**DATASET CONTENT:**
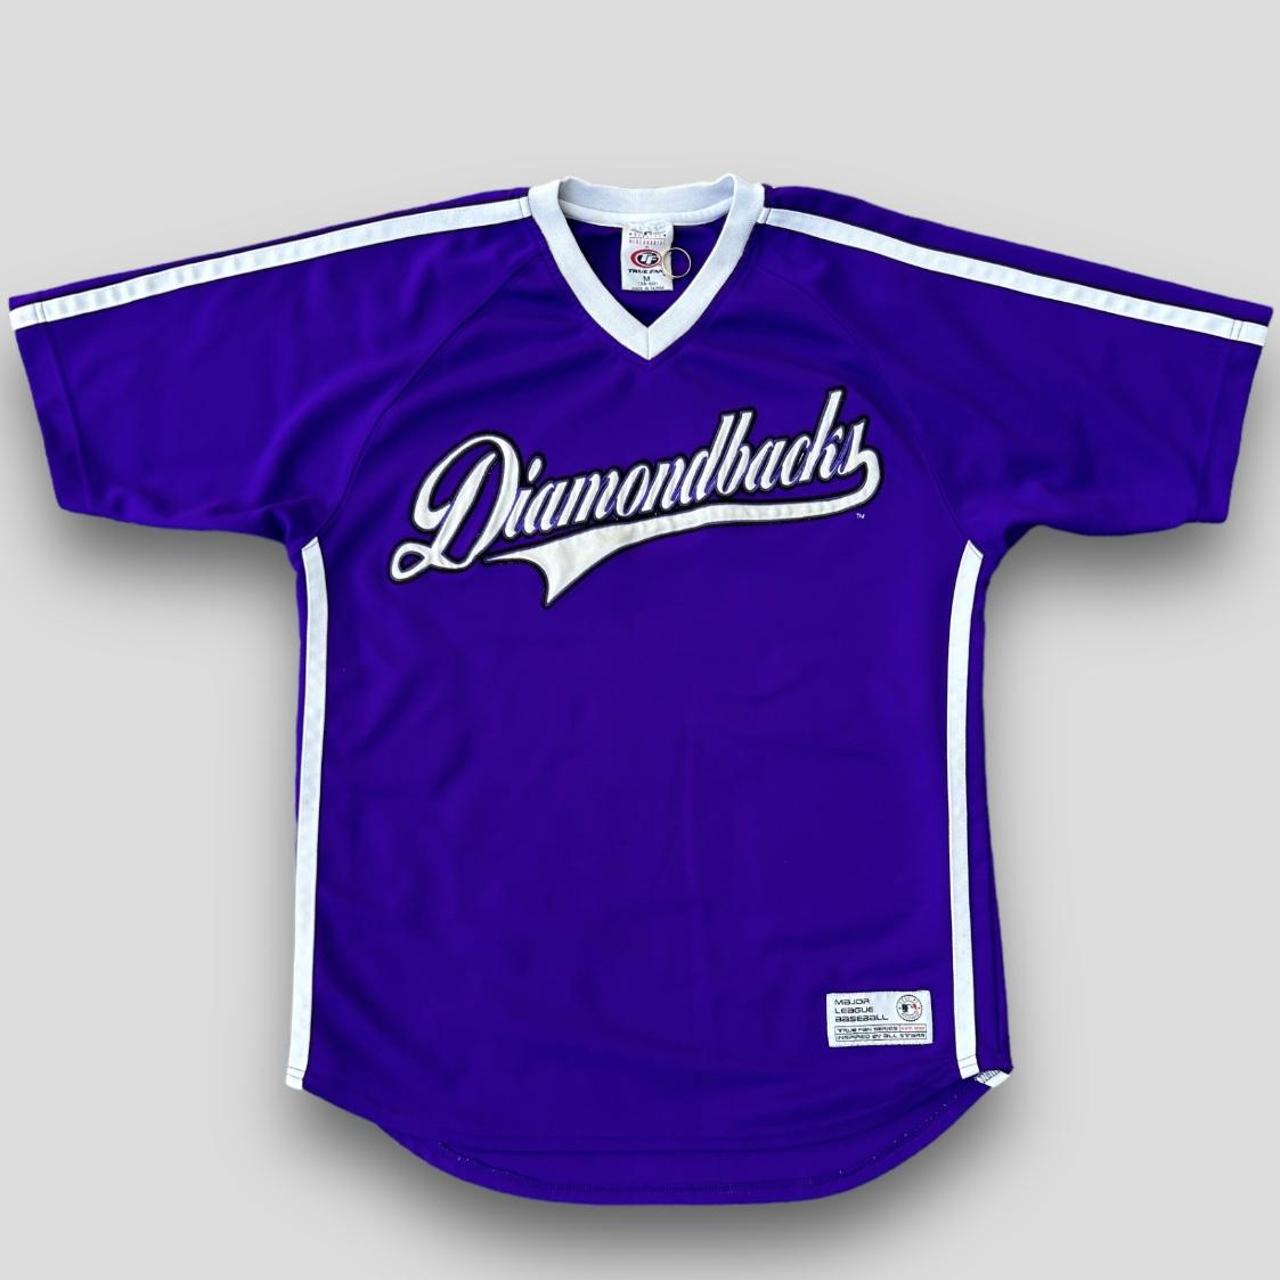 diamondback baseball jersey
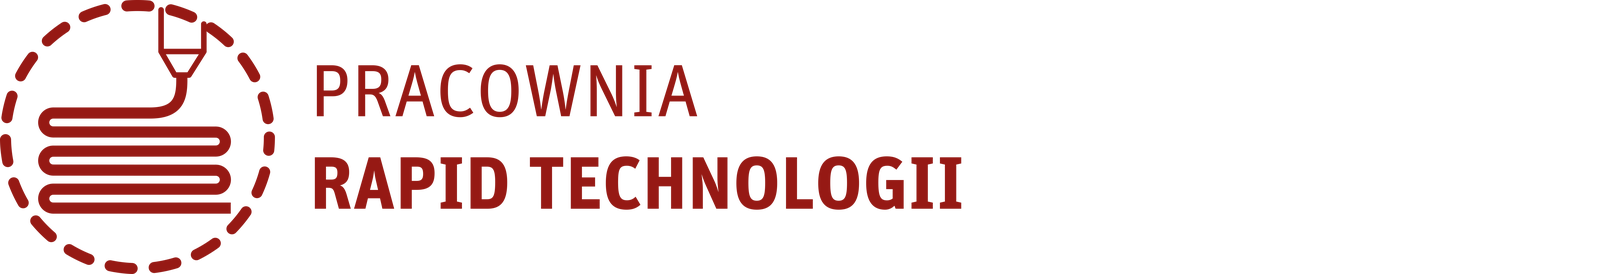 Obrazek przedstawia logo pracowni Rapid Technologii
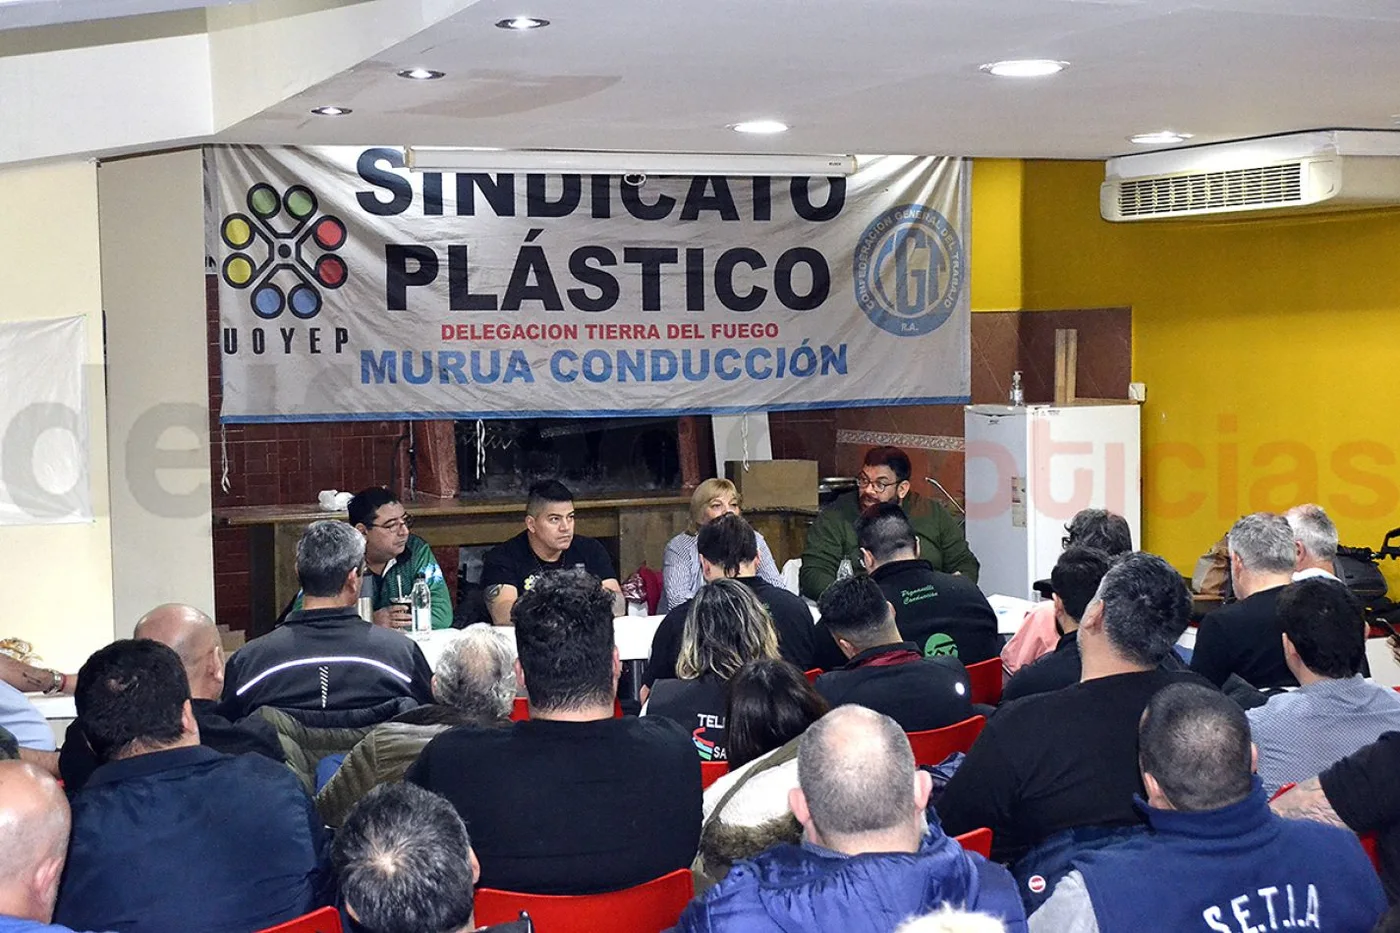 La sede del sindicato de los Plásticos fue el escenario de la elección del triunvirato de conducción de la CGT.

**EXERCISE DETAILS:** When the listing is transcribed, every line must match the original exactly, and the pictures must be left out.

**OUTPUT FOR THIS EXERCISE:**
 diamondback baseball jersey
 Obrazek przedstawia logo pracowni Rapid Technologii
 La sede del sindicato de los Plásticos fue el escenario de la elección del triunvirato de conducción de la CGT.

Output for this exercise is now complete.